I found that out by happenstance when my wife and I took that shortcut while running errands the other day. The colorful flags out front caught my attention. The “open house” sign compelled me to stop.

Walking into the house I was struck with how small it was, barely over 900 square feet.

The tiny living quarters seemed like a gigantic dollhouse. If one person was washing dishes in the kitchen, another person could barely squeeze in between the sink and the refrigerator and stove.

And the lone bathroom was less than half the size of the kitchen. Imagine one bathroom for five people.

Yet we did it without any complaints for that was the size of all the houses that we rented: two bedrooms and one bath. My sister, being the only female child, always had one of the bedrooms. My parents had the other, while my brother and I shared the den.

At this house, however, my parents had the den, while I had the smallest bedroom.
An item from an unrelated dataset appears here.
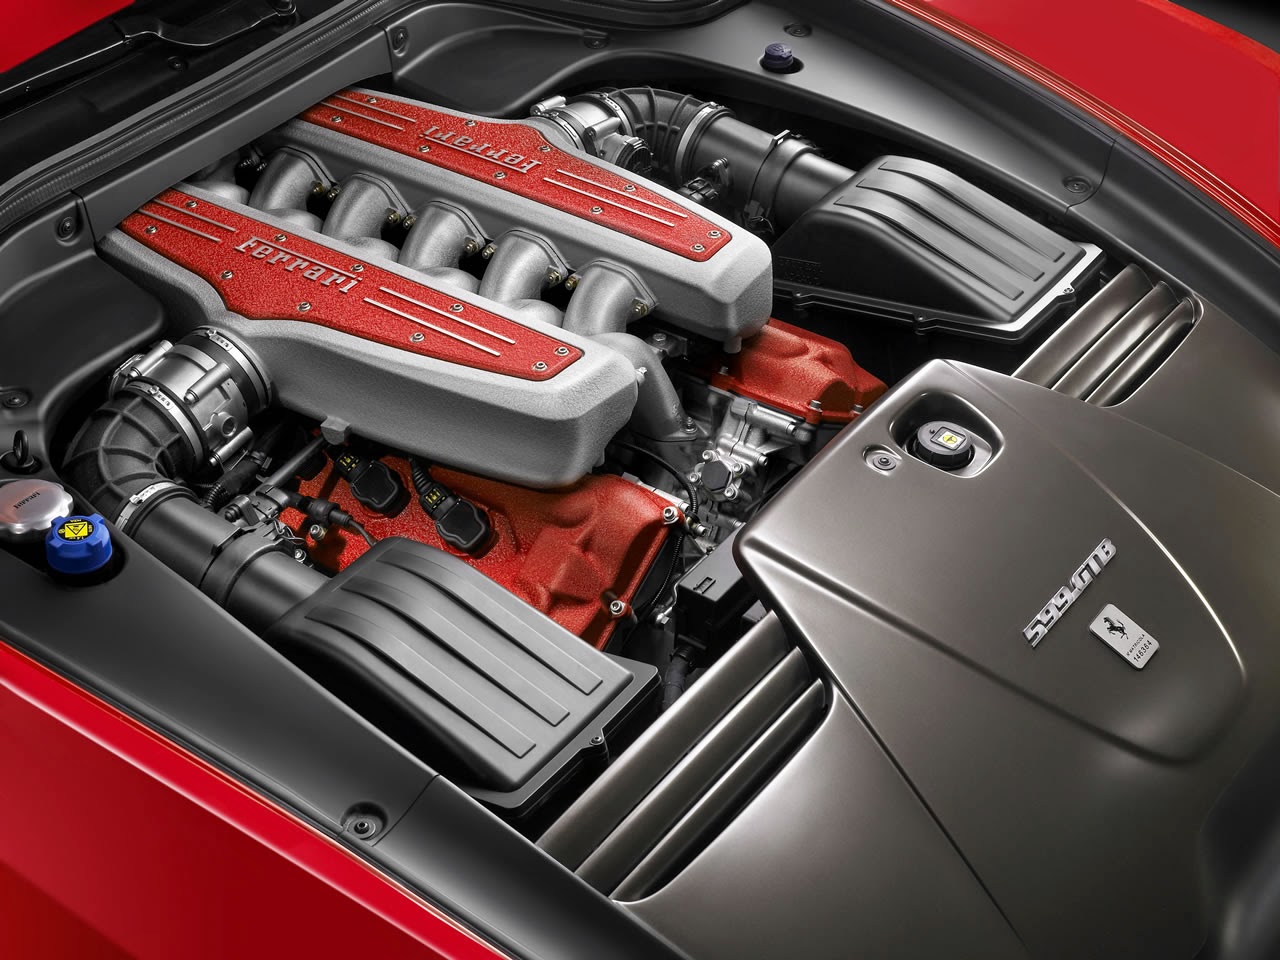 13張紅色法拉利Ferrari  599 GTB Fiorano酷炫高解析度桌布下載！(1280×960)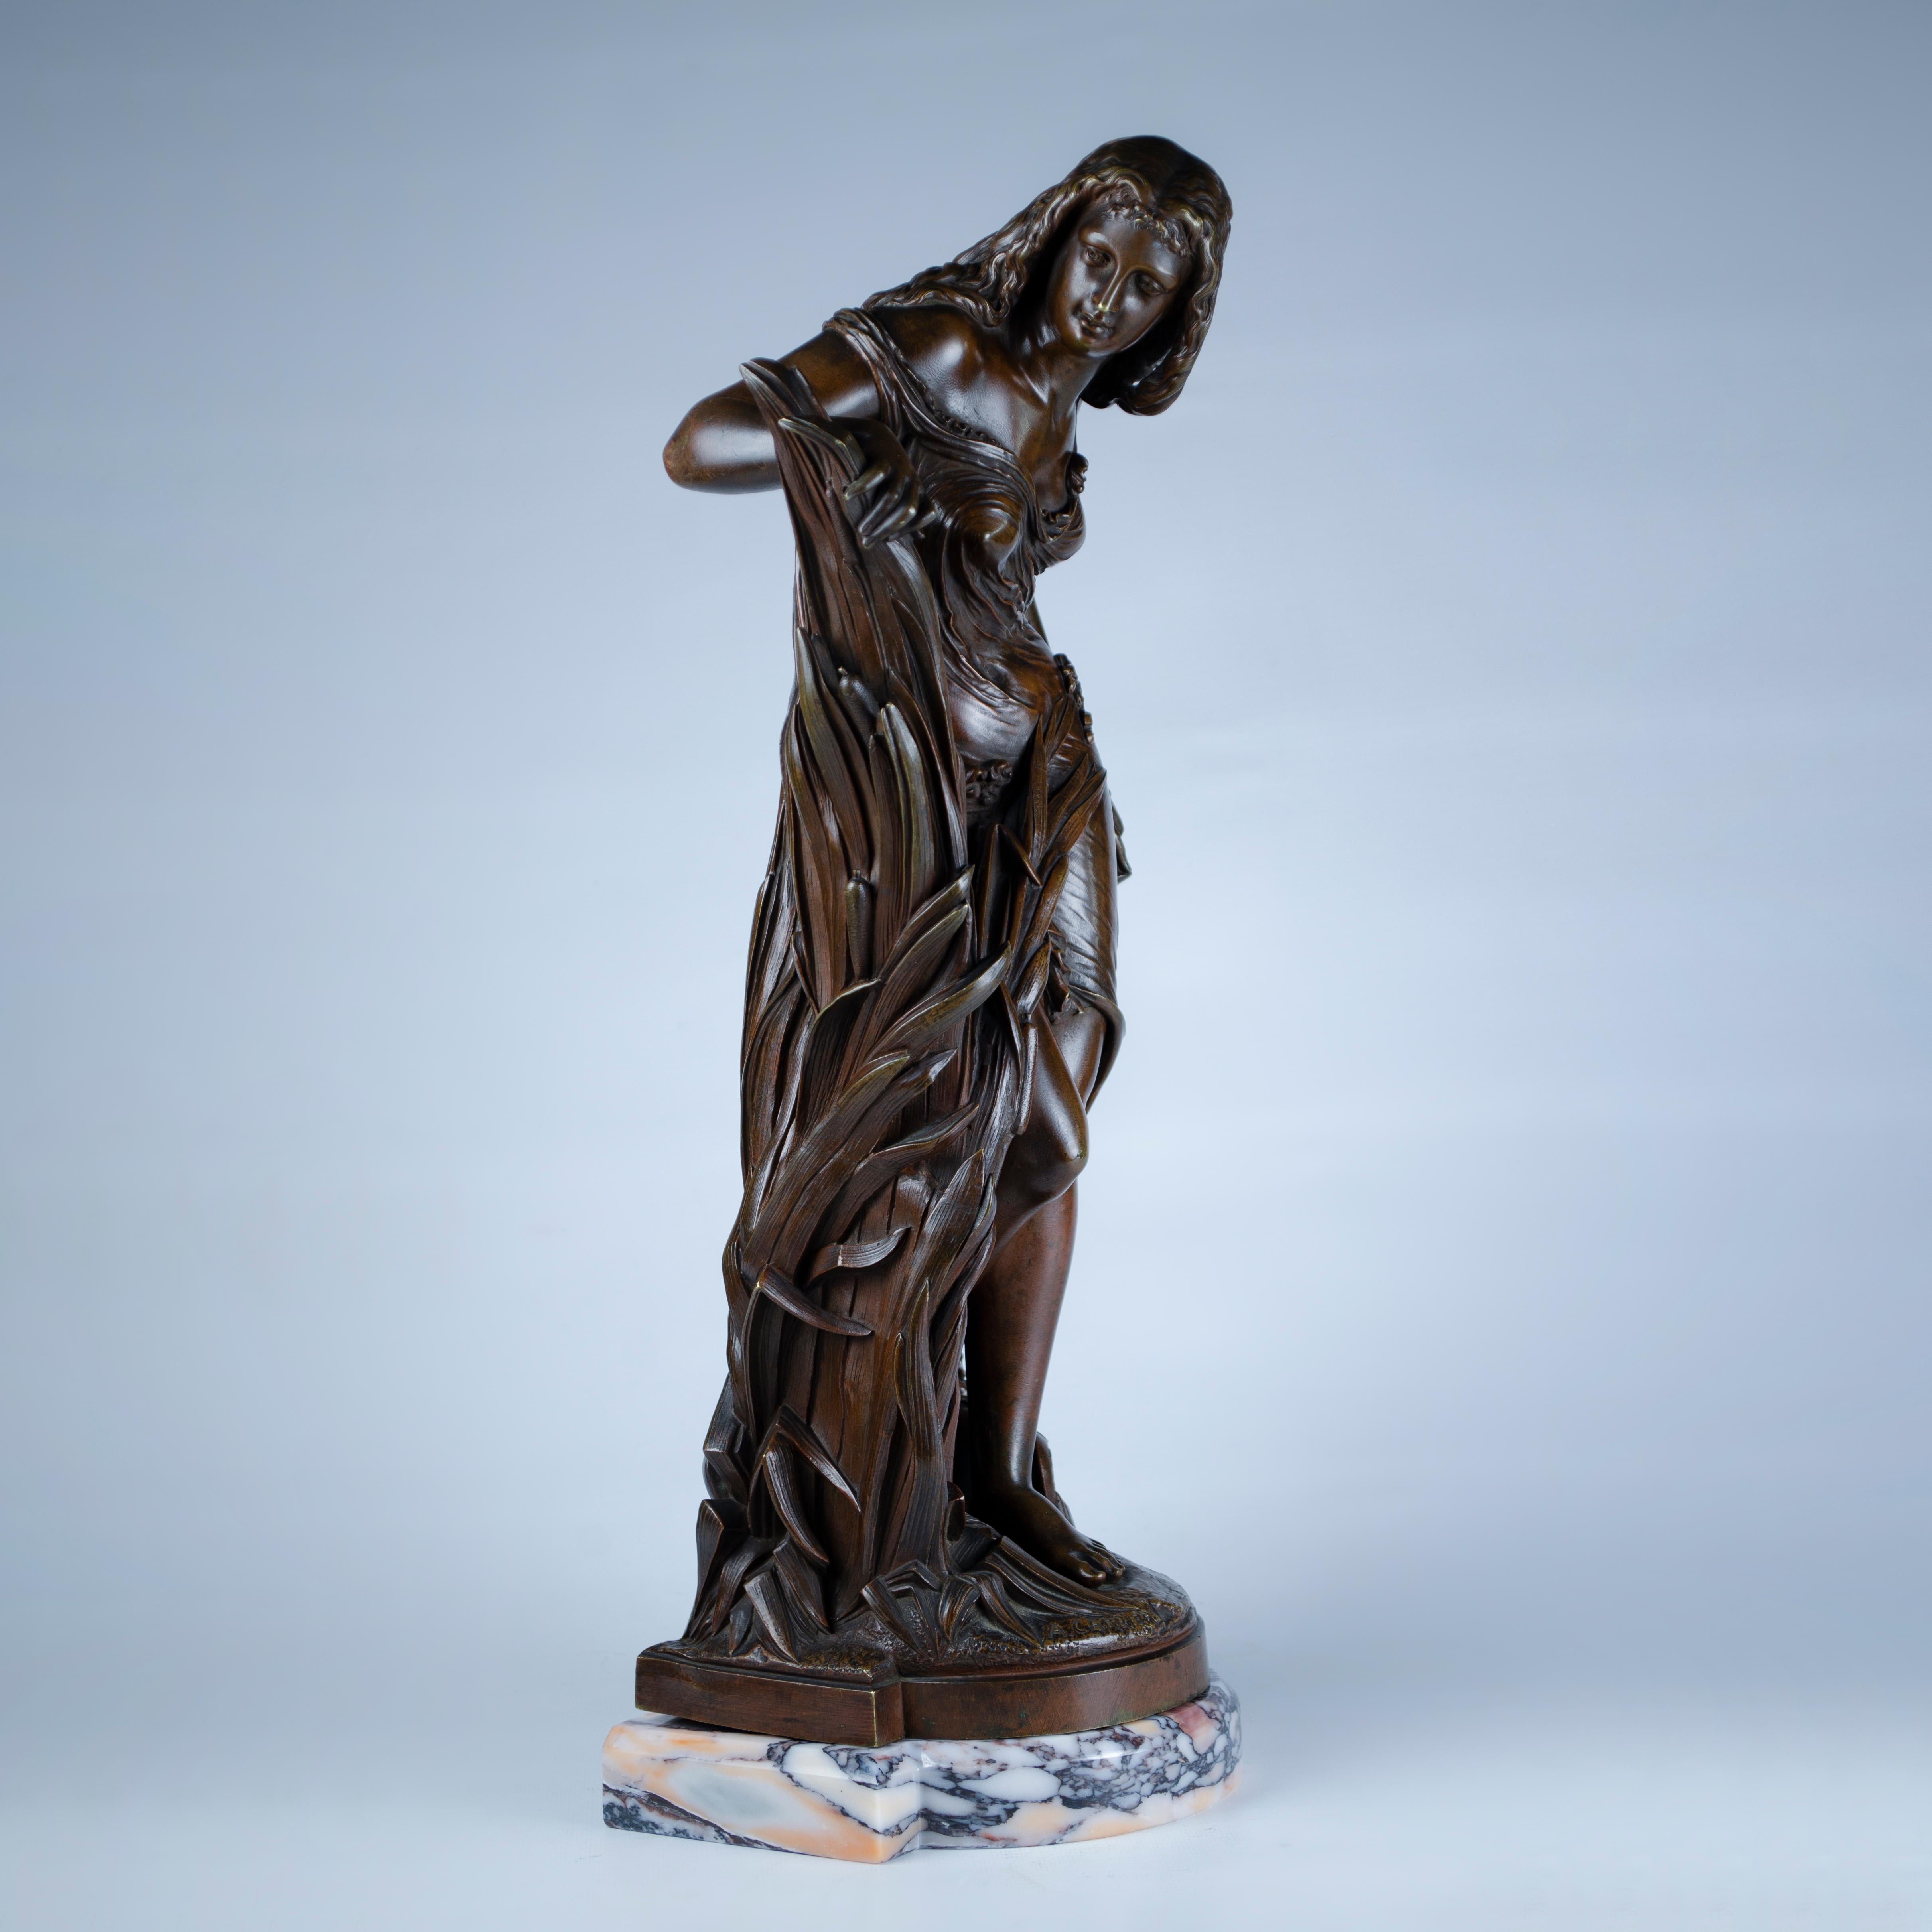 Sculpture en bronze coulé très finement ciselé représentant une belle nymphe nue émergeant de grands roseaux au bord d'un ruisseau. À ses pieds se trouve une cruche à eau, avec une base en marbre. Réalisé par Albert-Ernest Carrier-Belleuse,

For the first time since he was a toddler, my 20-year-old brother had his own bedroom in the converted detached garage.

We never felt that we lacked anything. All the credit goes to our parents who, despite minimum financial means, always made sure we had food to eat, new clothes each school year, and presents for birthdays and Christmas.

When I first entered this house, I was still in elementary school; when I left, I was attending UCLA.

This was the house where my family got our first color television.

This was the house where I got a blue Schwinn Stingray bike for Christmas.

This was the house where a stray cat had a litter of kittens in a drawer of my parents’ dresser. From that litter, we kept one who ended up living for 18 years, keeping my mother company when she eventually lived alone.

This was the house where my Dad was stricken with lung cancer, dying within a year. When I began living in the house, I had a 50-cent weekly allowance; when I left I was receiving Social Security survivor benefits.

How ironic that 14 months after my father passed away at UCLA Medical Center, I was hospitalized at the same facility for one month, my body attacked by psoriasis.

When we moved into the house in 1969, we were a family of five. When my mother and I moved out in 1976 after my brother and sister left, we were only two, moving into an apartment for the first time.

In that period of time, the nation witnessed the first moon landing, the end of the Vietnam War, Watergate, President Nixon’s resignation, and the bicentennial celebration. Locally, the 1971 Sylmar earthquake reminded Angelenos of the ground’s instability.

I entered that house a boy and exited a man, with too much growing up in between.

It is a cruel reality that people cannot grasp sense of their lives as they are living them.

It is not until years have passed that allows us the perspective of our narrative, to look back over the entire tapestry of experiences and to think: My God, how amazing that we lived in that house and still remained a close-knit family, weathering the storms that banged at the door of our domicile.